Documenting R code with roxygen2 involves putting the help documentation directly into the .R code files using roxygen comments, which start with #'. In C++ files, roxygen comments are //'. Lines must wrap at 80 characters.

Roxygen comments come in blocks. A block is all the documentation for a specific function and it goes before the function. Thus one .R file can have multiple documented functions.

Each block is made up of an introduction and tags with the format @tagname details. The intro has a title, description, and (otionally) details.

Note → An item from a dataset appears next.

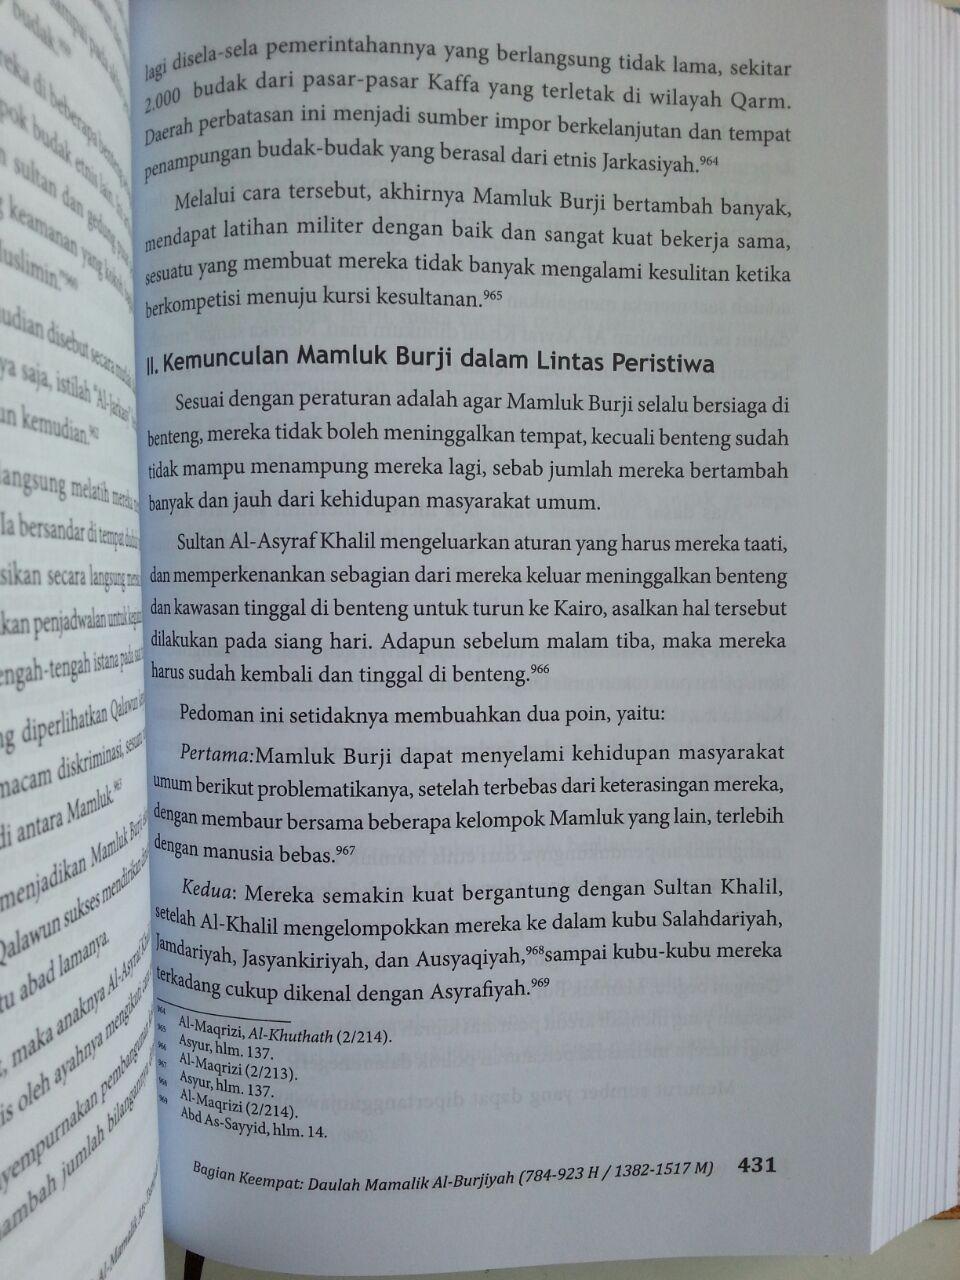 Buku Bangkit Dan Runtuhnya Dinasti Mamluk Di Mesir Dan Syam isi 3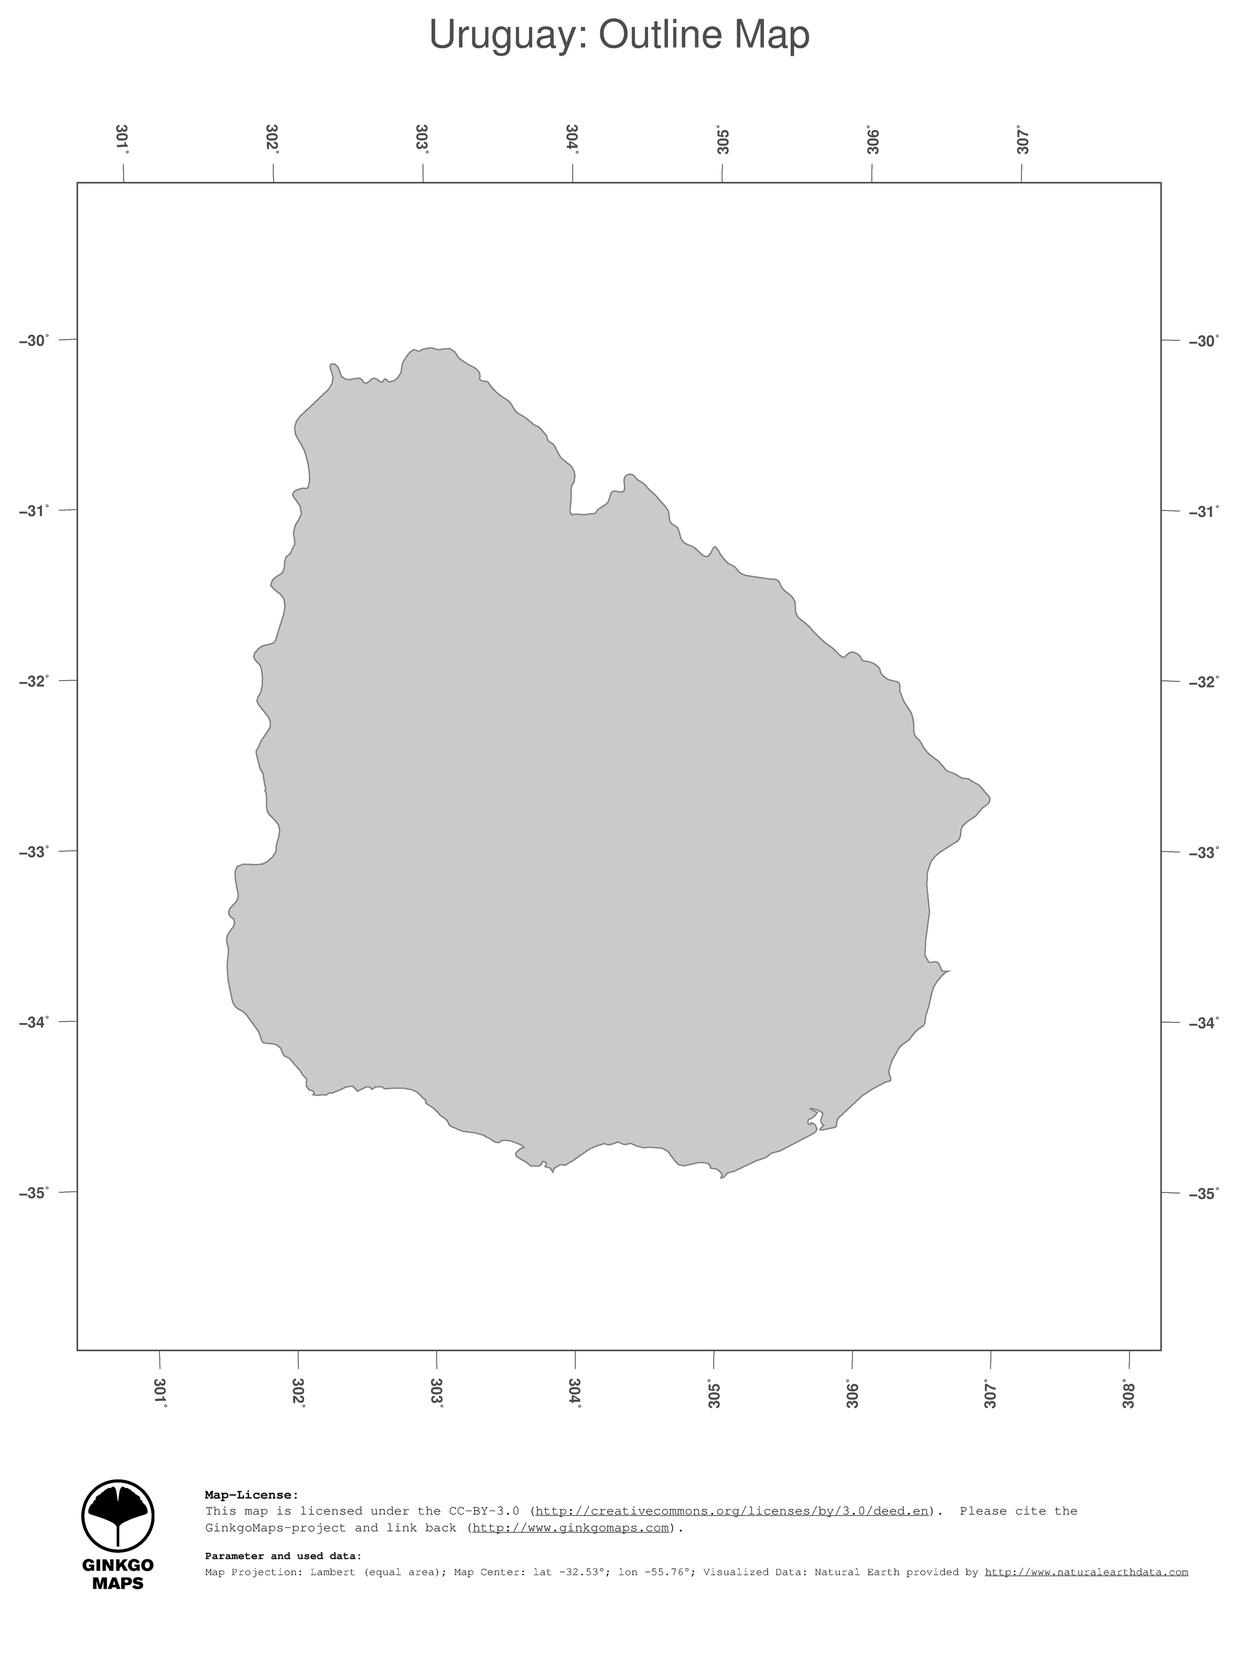 Map Uruguay GinkgoMaps Continent South America Region Uruguay - Uruguay blank map

Then you include tags for documentation elements.

Common tags are:

Functions

@param name description
@examples
@return description

Navigation

@seealso: point to other places
- on web (\url{})
- in your package (\code{\link{functionname}})
- in another package (\code{\link[packagename]{functionname})
@family when all functions in a family should link to each other

Finding Documentation

@aliases alias1 alias2 adds aliases which can be used with ?
@keywords keyword1 keyword2 must be taken from a predefined list found in file.path(R.home("doc"), "KEYWORDS")

Datasets

@format for providing an overview of a dataset
@source to provide details from where you got a dataset

Other

@section title for long documentation that require section breaks

Rd character formatting

Character

\emph{italics}
\strong{bold}
\code{rfunction}

Links

\code{\link{function}}
\code{\link[package]{function}}
\link[destination]{name}
\url{http://google.com}
\href{http://google.com}{google}
\email{dyavorsky@gmail.com}

Lists

\enumerate{}
\itemize{}
\describe{}

Math

\eqn{}
\deqn{}

So an example might be:

#' Sum of vector elements.
#'
#' \code{sum} returns the sum of all the values present in its arguments.
#'
#' This is a generic function: methods can be defined for it directly
#' or via the \code{\link{Summary}} group generic. For this to work properly,
#' the arguments \code{...} should be unnamed, and dispatch is on the
#' first argument.
#'
#' @param ... Numeric, complex, or logical vectors.
#' @param na.rm A logical scalar. Should missing values (including NaN)
#'   be removed?
#' @return If all inputs are integer and logical, then the output
#'   will be an integer. If integer overflow
#'   \url{http://en.wikipedia.org/wiki/Integer_overflow} occurs, the output
#'   will be NA with a warning. Otherwise it will be a length-one numeric or
#'   complex vector.
#'
#'   Zero-length vectors have sum 0 by definition. See
#'   \url{http://en.wikipedia.org/wiki/Empty_sum} for more details.
#' @examples
#' sum(1:10)
#' sum(1:5, 6:10)
#' sum(F, F, F, T, T)
#'
#' sum(.Machine$integer.max, 1L)
#' sum(.Machine$integer.max, 1)
#'
#' \dontrun{
#' sum("a")
#' }
#'
#' @section Warning:
#' Do not operate heavy machinery within 8 hours of using this function.
#'
#' @family aggregate functions
#' @seealso \code{\link{prod}} for products, \code{\link{cumsum}} for cumulative
#'   sums, and \code{\link{colSums}}/\code{\link{rowSums}} marginal sums over
#'   high-dimensional arrays.
#'
sum <- function(..., na.rm = TRUE) {}

Common vignette browsing commands:

browseVignettes() to see all installed vignettes
browseVignettes(packagename) to see vignettes for a specific package
vignette() to read a vignette
edit(vignette()) to see the vignette's code

To create a vignette with devtools: devtools::use_vignette("my-vignette"), which does 3 things:

Creates a vignettes/ directory
Adds the necessary dependencies to the DESCRIPTION file (adds knitr to the Suggests and VignetteBuilder fields)
Drafts a template vignette, vignettes/my-vignette.Rmd

Workflow:

Modify the vignette
Run individual code chunks with Ctrl-Alt-C
Run all code chunks with Ctrl-Alt-R
Knit to preview output with Ctrl-Shift-K

CRAN Notes

You build vignettes locally. CRAN only receives the output (html/pdf) and the source code. CRAN does not rebuild the vignette; it only checks that the code is runnable (by running it).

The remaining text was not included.